A Fracas Over Fairness

Will Obama’s tax plan drive away the suburban voters he needs?

Updated: August 30, 2012 | 5:23 p.m.
August 30, 2012 | 2:55 p.m.

Mixed messages: Bucks County, Pa., voters show their competing loyalties. (Phil McAuliffe/Polaris)

A POTENTIAL OPENING

Even if the relatively sound financial footing of university graduates gives Obama an opening to court their votes, they are far from serene about the state of the national economy or their own personal situations. Romney and his allies are confident that their message accusing Obama of botching the country’s economic recovery will resonate among this group as well as it does among others.

Men and women who have completed college face a dilemma, according to Lawrence Mishel, president of the Economic Policy Institute. Yes, they’re faring better in the current economy than others. But they still might lag behind another key comparison point: themselves.

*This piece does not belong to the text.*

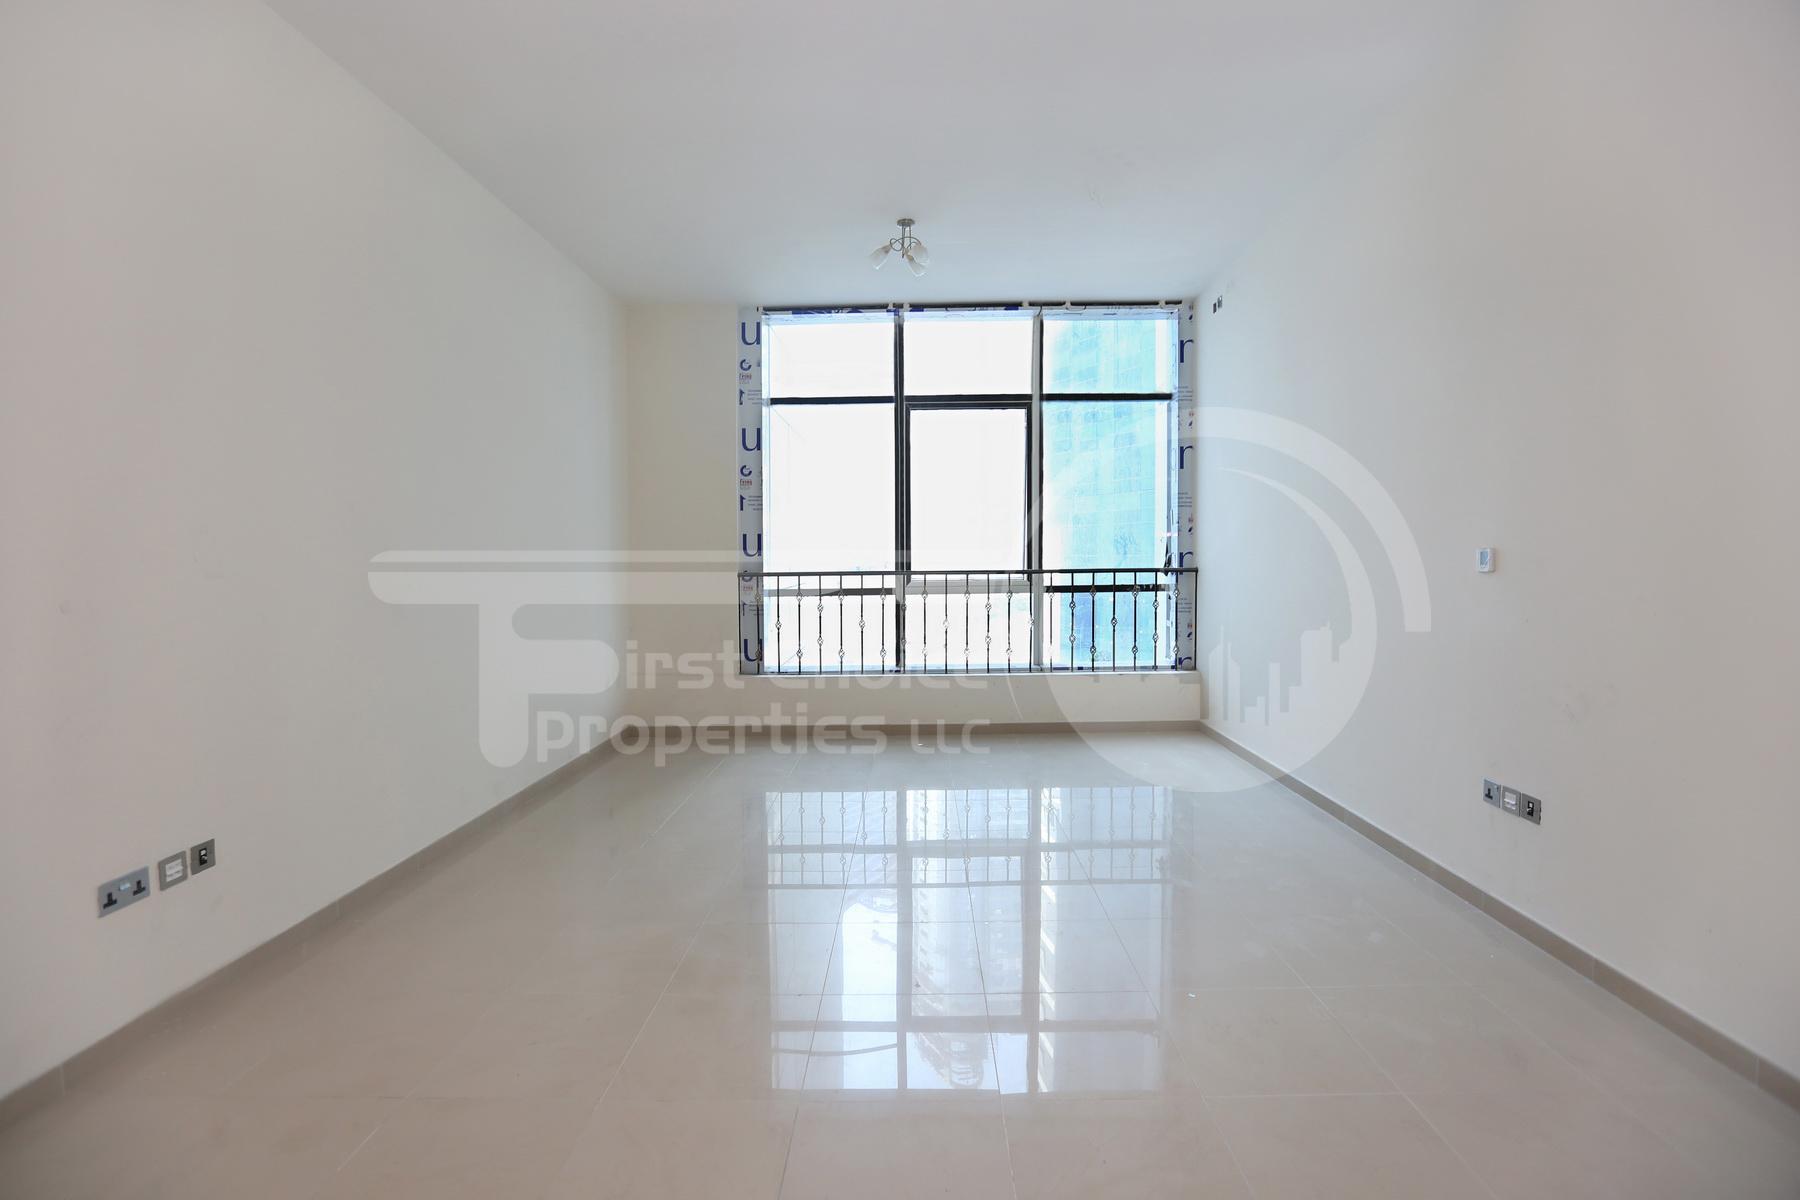 Studio Apartment - Abu Dhabi - UAE - Al Reem Island - Hydra Avenue.JPG

According to Mishel’s data, college graduates have lost income during the past decade. From 2000 to 2011, for instance, median weekly earnings fell by 1.2 percent among people who earned a college degree. From 2007 to 2011 alone, it dropped 1.1 percent. “I don’t think they’re necessarily rebounding any better, from what I see,” he said. “What’s happened over the last 10 years—wages for college graduates and those with high-school degrees—neither groups has seen any improvement in their wages and benefits.”

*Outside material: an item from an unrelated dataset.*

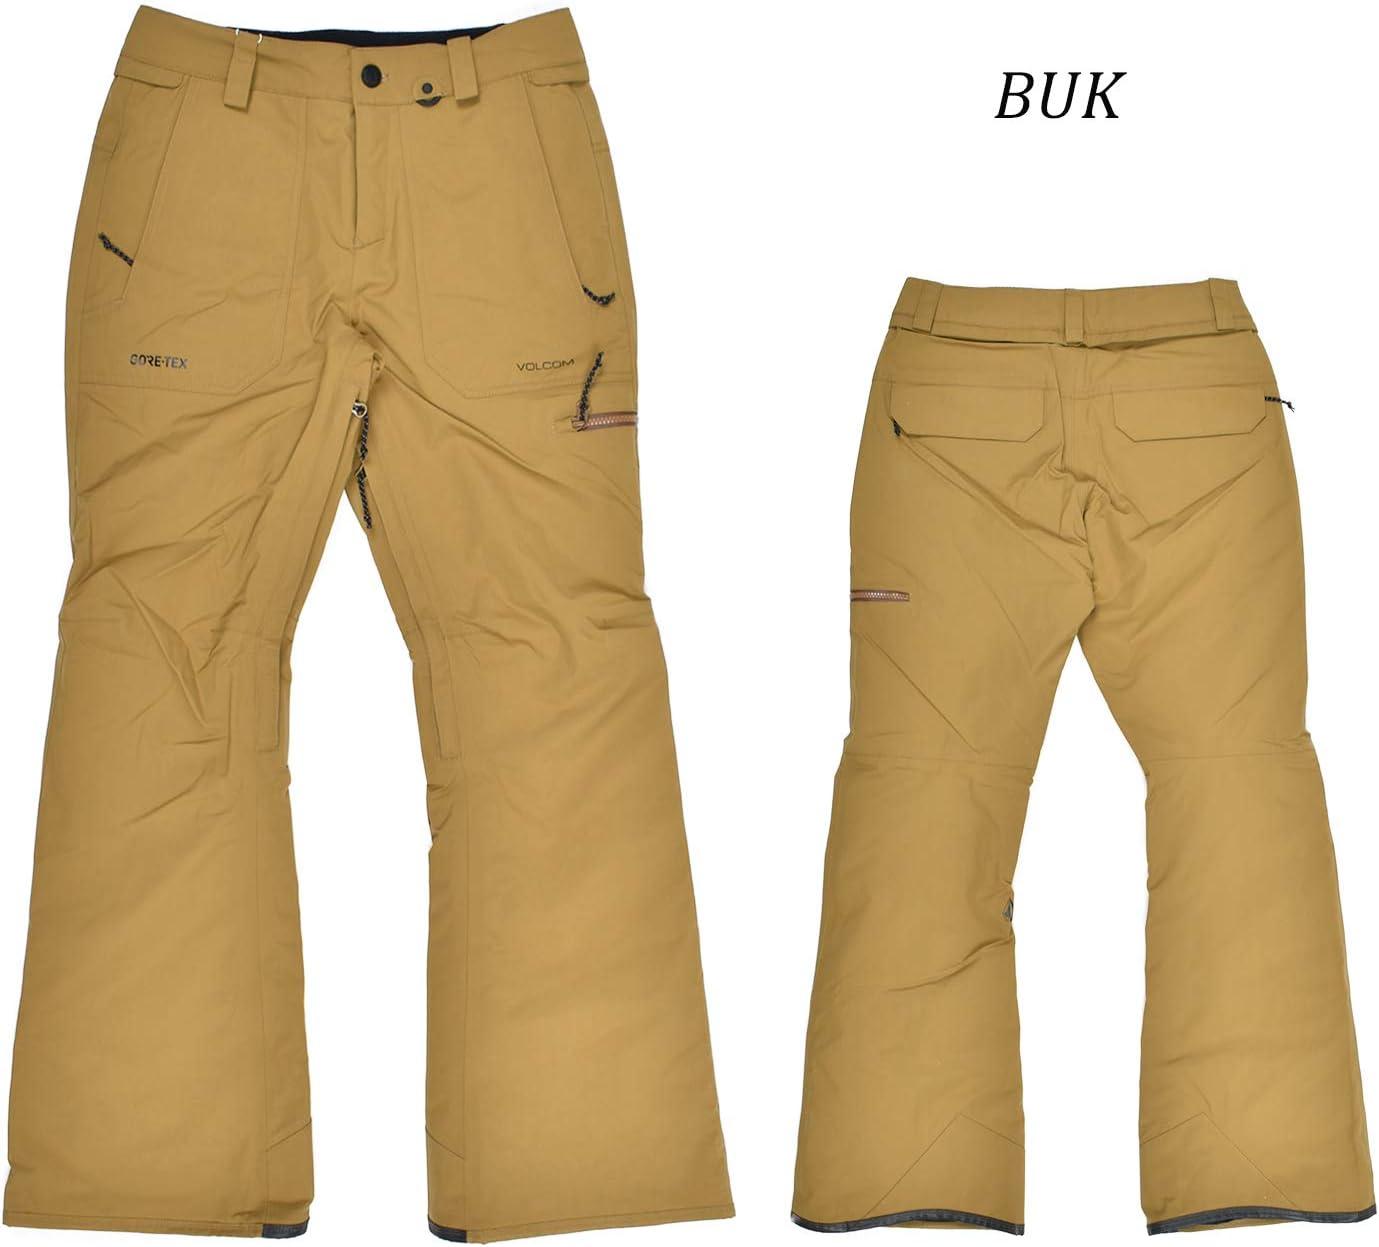 Volcom Knox Insulated Gore-Tex Snowboard Pants Womens Sz M Burnt Khaki

Their personal finances could also have been hit hard by the housing collapse, particularly in states such as Florida and Nevada where the market remains in crisis. “College graduates between the age of 30 and 50, probably most of their wealth is tied up in his or her house,” said Burtless, the Brookings economist. “So the decline of house prices hurt them.”

Some college-educated voters are quick to point out that they have yet to see signs of a strong recovery. Bucks County’s Art D’Angelo, who helps businesses plan their employee benefits, says that many of the companies he’s worked with have yet to restore benefits to their prerecession level, if they’re offering any at all. He says it’s the same situation with many of the people he talks with; most concur that the economic recovery is weak. “I talk to a lot of people who are struggling,” said D’Angelo, 64, who plans to vote for Romney. “Most people agree we need to do better.”

Another Bucks County Republican, Bob Welch, bemoans the region’s loss of wealth since the crisis. The financial adviser and head of the local chamber says that the real-estate market remains tepid at best and most people remain scared to invest because of the country’s uncertain economic future. “I’d say there’s been little improvement over the last four years here, very little,” said Welch, who added that the change the country needs is a change in the White House.

In a June poll by the Pew Research Center, confidence that the economy will improve during the next year dropped sharply among those who have graduated from college. Just 35 percent said they thought the economy would improve over the next year, a 15-point decline from the survey’s findings in March. It’s a sign that even for those whose jobs have remained relatively secure and whose finances have held up, views of the state of the overall economy remain shaky.

Republican are ready to pounce. That much was evident on a rainy Saturday morning in July as 100 people attended the opening of a Romney headquarters in Montgomery County’s Conshohocken. The event featured Toomey, whose successful courtship of voters in southeast Pennsylvania was critical to his 2010 Senate victory. Even if people are doing well, they understand that many of their fellow citizens are not, Toomey said in an interview with National Journal. “At the end of the day, everyone understands the economy isn’t nearly where it should be, and that’s because of President Obama’s failed policies.”

In effect, Romney is banking that the blunt-force argument about Obama’s responsibility for the economy’s disrepair—one he has stubbornly refused to deviate from regardless of his audience—doesn’t lose potency, even among those who may have the least to lose. For his part, Obama has to hope that a summer of mediocre-at-best economic news is not causing voters with a college degree to lose faith. His support among the group has softened since 2008 but remains relatively solid. A Pew Research Center poll in July found that about half of this group still planned to vote for the president. But if his numbers among that cohort drop much further, states such as Pennsylvania—a must-win for Obama—will become politically problematic. The president must hope that when college grads cast their vote, more than their tax returns will be on their minds.